What would you recommend to U.S. President-elect Barack Obama when he takes office in two weeks?

He will be in a situation that's very difficult, but he has to face the realities. The realities are that first of all, this conflict is complicating the situation in the Middle East, but at the same time he needs to recognize that Abbas is not the only power in Palestinian politics. In fact, he lacks the legitimacy to sign and implement any agreement. The only option for Obama is to facilitate talks between the Arab countries as a whole and Israel. The time for bilateral negotiations between Palestine and Israel has come to its end. The Palestinians and the Israelis won't come to agreement because [Palestinian Authority President Mahmoud] Abbas lacks legitimacy and he's very weak and because Hamas is very extreme and they don't want negotiation with Israel. The only way to bring peace to that area is to make an overall agreement with the Arab countries, including a deal to end the Palestinian-Israel conflict. Hamas won't be able to defy Syria and most of the Arab countries, and will accept an agreement approved by the Arab countries.

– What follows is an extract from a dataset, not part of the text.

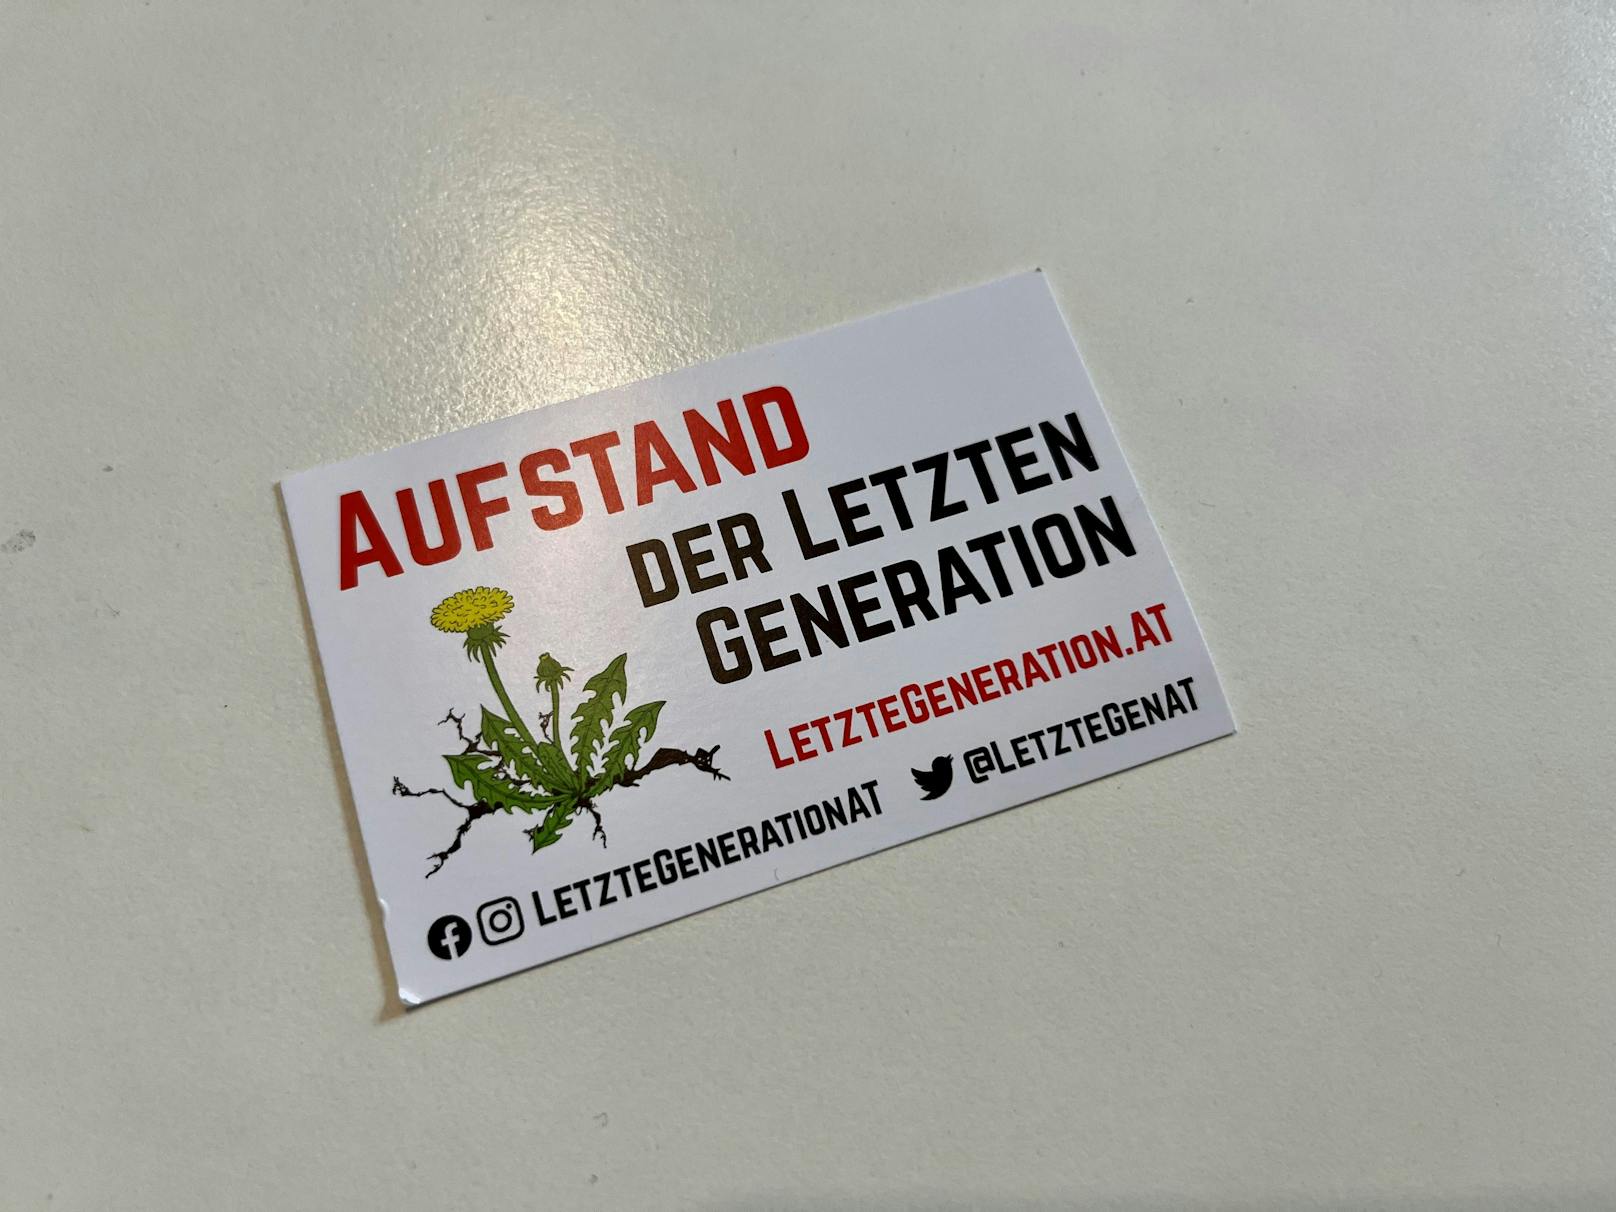 Auf Visitenkarten ruft die "Letzte Generation" zum "Aufstand" auf.

Do you think this is really possible?

There are two problems. [One is] how to represent the Palestinians in the negotiations. But the Arab League can find a formula. Maybe they can be in a committee that advises Arabs on the negotiations or the Arabs can negotiate and defer to this committee in which Hamas and Fatah would be represented, for example. The second issue is, who is going to negotiate on behalf of the Arabs? The Arab League can find a way. For example, Saudi Arabia, Syria, and Jordan would do this negotiation.

I don't know if Israel is even interested in such a proposal.

It's much better for them because Israel is facing Hamas in the south; they are facing Hezbollah in the north. The issue that Israel should focus on is how to weaken Iran's influence in the Middle East. In the coming years, or even right now, Iran is trying to influence everyone in the Middle East to step into the conflict with Israel. So Israel has enormous interest in neutralizing Iran, and preventing many of the Arab countries from being allied with Iran. It's in the Israeli interest to have allies in the Arab world against Iran.

Some other people propose this general approach. The Arab League itself has, hasn't it?

The Arab countries proposed this initiative in 2002 and this initiative entails negotiation with Israel. How can we implement this initative when there are no negotiations? Initially, the Arabs were in favor for this position and I have doubts that they will object to it.

Do you think the fighting and all the casualities in Gaza have increased the support of Palestinians in Gaza for Hamas or do you think Hamas is losing some of its popularity?

I don't want to speculate actually, but with those TV images from Gaza, it's hard to tell. You see, prior to the war, Hamas was able to gather 300,000 people on its anniversary, just one week before the conflict broke out. I believe Hamas has deep roots in Gaza and the Palestinians will support Hamas especially because they have no place to go. You see, the borders of Egypt are closed, the borders with Israel are closed, and Israel is bombing Gaza more heavily than since 1967, and what are the people in Gaza supposed to do? I wouldn't say that the people would say that Hamas is to be blamed. I would say the people are going to blame Israel.